As a data architect, iterative development scared the stuffing out of me at first. I was accustomed to having the data model pretty well set up front and working hard to minimize or at least localize changes to the overall database structure. Iterative development make change normal, so no more “holding the line!”
Luckily, database refactoring isn’t a new concept. And metadata tools are improving constantly making impact analysis less and less daunting all the time. When I plan for DB change, I’m primarily looking for ways to minimize the impact to both upstream (ETL) and downstream (reporting, extracts) database users. Impact generally comes from:
- Structural change – adding or removing columns, tables, schemas, etc.
- Change in grain – what was once a “one row per customer” table is now a “one row per customer location” table.
- Change in content – “all” the customers in the customer table used to be just US customers, but now there’s international customers in there!
Changes in structure of the database can be disrupting, but some disruption is avoidable. Here’s some techniques to minimize structural change disruption:
- Stabilize the user interface through the use of user views from day 1. In my DW designs, nobody gets direct access to the tables. A “SELECT * FROM” view is near-zero overhead and gives you the freedom to change the underlying table at will without impacting the interface.
- Coach users to never SELECT * FROM in their queries. Specifying columns means new columns don’t impact you at all. Assume the interface will grow in columns.
- Define a default value for new columns that is explicit. An old “legacy” record shouldn’t have a meaningful value in a new column unless that value is truly valid.

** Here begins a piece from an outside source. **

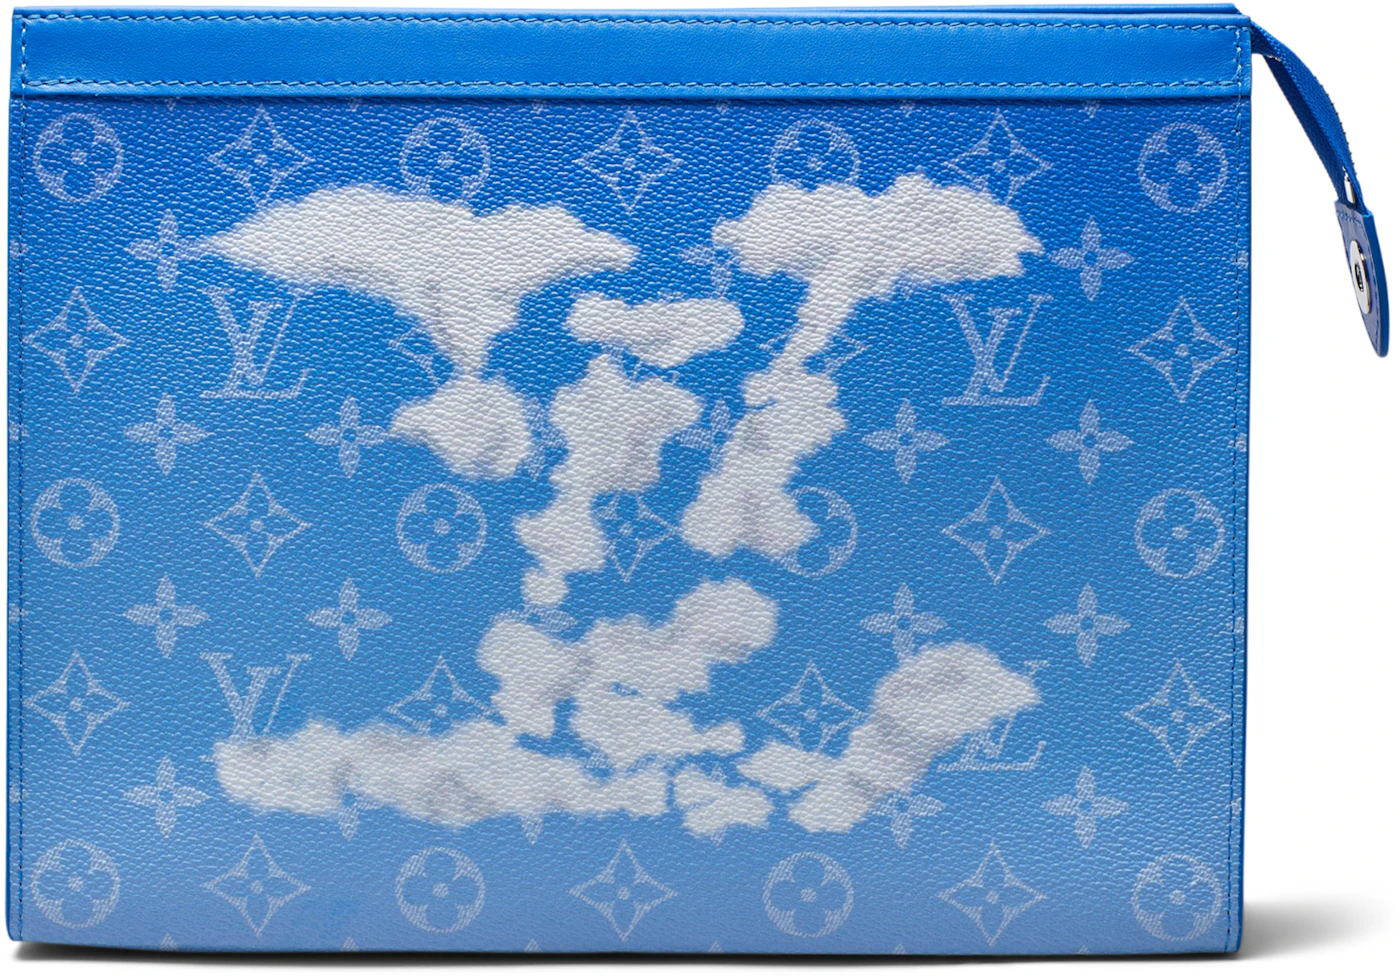 Louis Vuitton x Virgil Abloh Clouds Monogram Windbreaker for Sale

- Determine if a removed column should continue to live in the user interface with a static default value. Generally, I like things to break if there’s no longer a value available to ensure reports don’t silently produce bad output. However, sometimes it’s OK to default everyone’s t-shirt size to XL and avoid breaking the reports. Alternately, leave the old data alone and default new records to an explicit “no longer collected” value.
- Renaming tables and columns should be handled by manipulating the user interface, retaining but deprecating the old name(s) and adding the new to the interface.

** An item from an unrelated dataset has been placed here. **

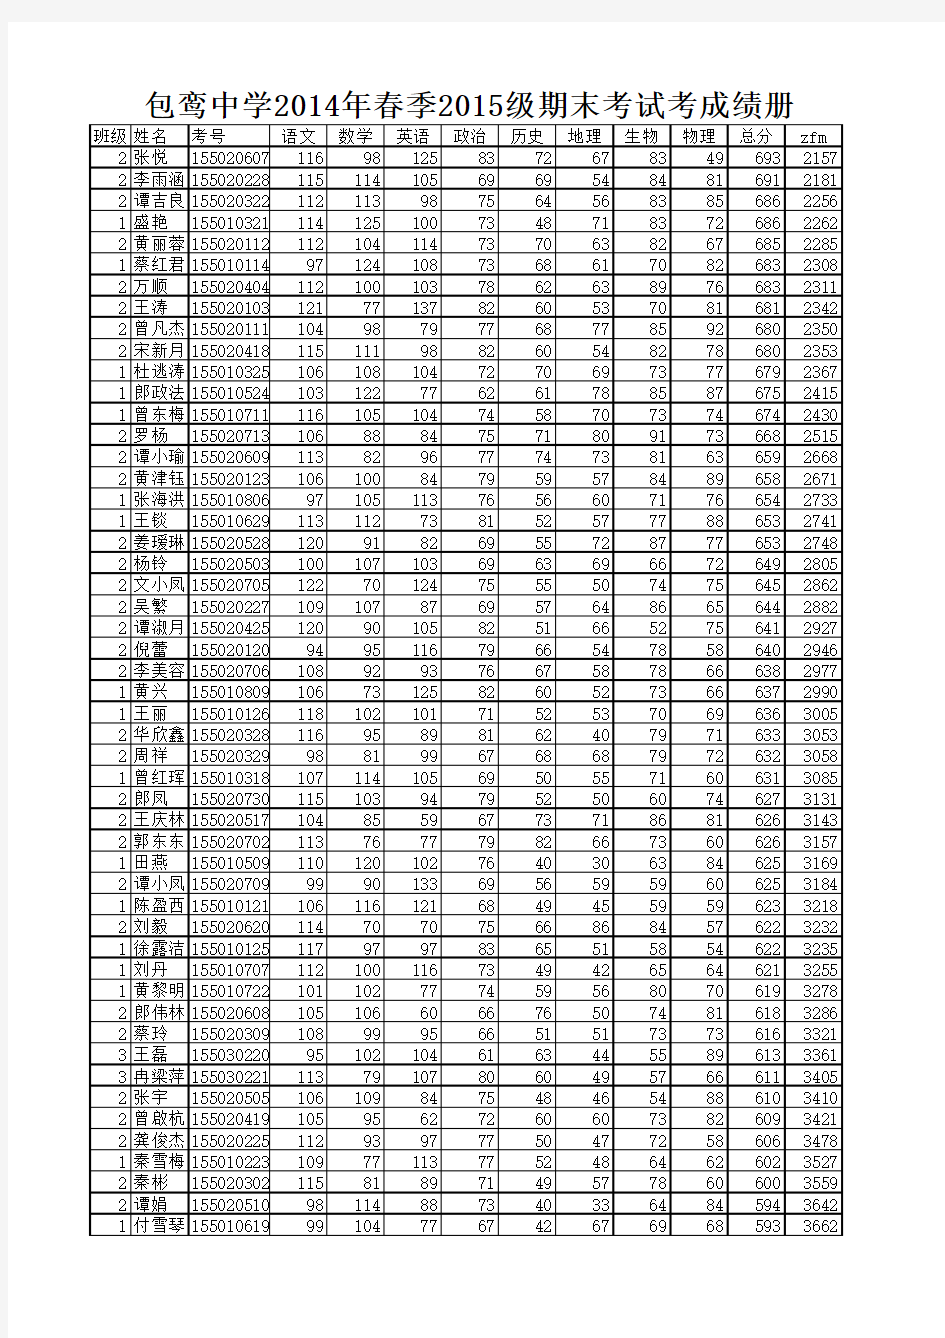 2015级期末考试成绩表

Change in grain is an ugly one, and I avoid it if at all possible. My general rule of thumb is that a table’s grain is constant over its life. New grain = new table. Otherwise, you will break things and these breaks will generally be silent. The CFO’s reports will just start double counting things, and that’s a bad plan for everone.
Change in content is unavoidable but can be mitigated with some up front planning. Because of the possibility of change in content, I (often) add a definition to tables coaching users on what filters to include for the table by default. In other words, define specifically what you mean by “ALL” when you query for “all customers” or “all products”. Almost all reports should be limited by default to some part of the organization, to a geographic region, to a particular set of charge codes, etc. In cube or reporting environments, I generally avoid changing the default member(s) of a dimension. If the user wants a different member, they should specify it, not break everyone else’s reports!
The other major tool in the modeler’s tool belt regarding design change is abstraction. Abstract models are significantly more resilient to change than highly specific models. This is the result of effectively moving some of the structure of the model into the data itself. For instance, instead of having 3 customer tables, one for domestic, one for foreign, and one for B2B, an abstract model might have a single customer table paired with a Customer Attribute (CUST_ATTR) table configured using a Customer Attribute Type (ATTR_TYPE) table. Now, to add a column to a customer is simply to add a row to the Customer Attribute Type table.
This sounds great, but know that you’ve now introduce a “structural data” table to the model. The contents of the ATTR_TYPE table now effectively dictate the structure of the model, and these contents need to be controlled (similar to DDL).
So, refactoring isn’t as bad as all that. You’re going to break things to be sure, but if you take control of your database interfaces, you control where those breaks happen and have a chance to minimize the impacts to your own processes as well as your customers’.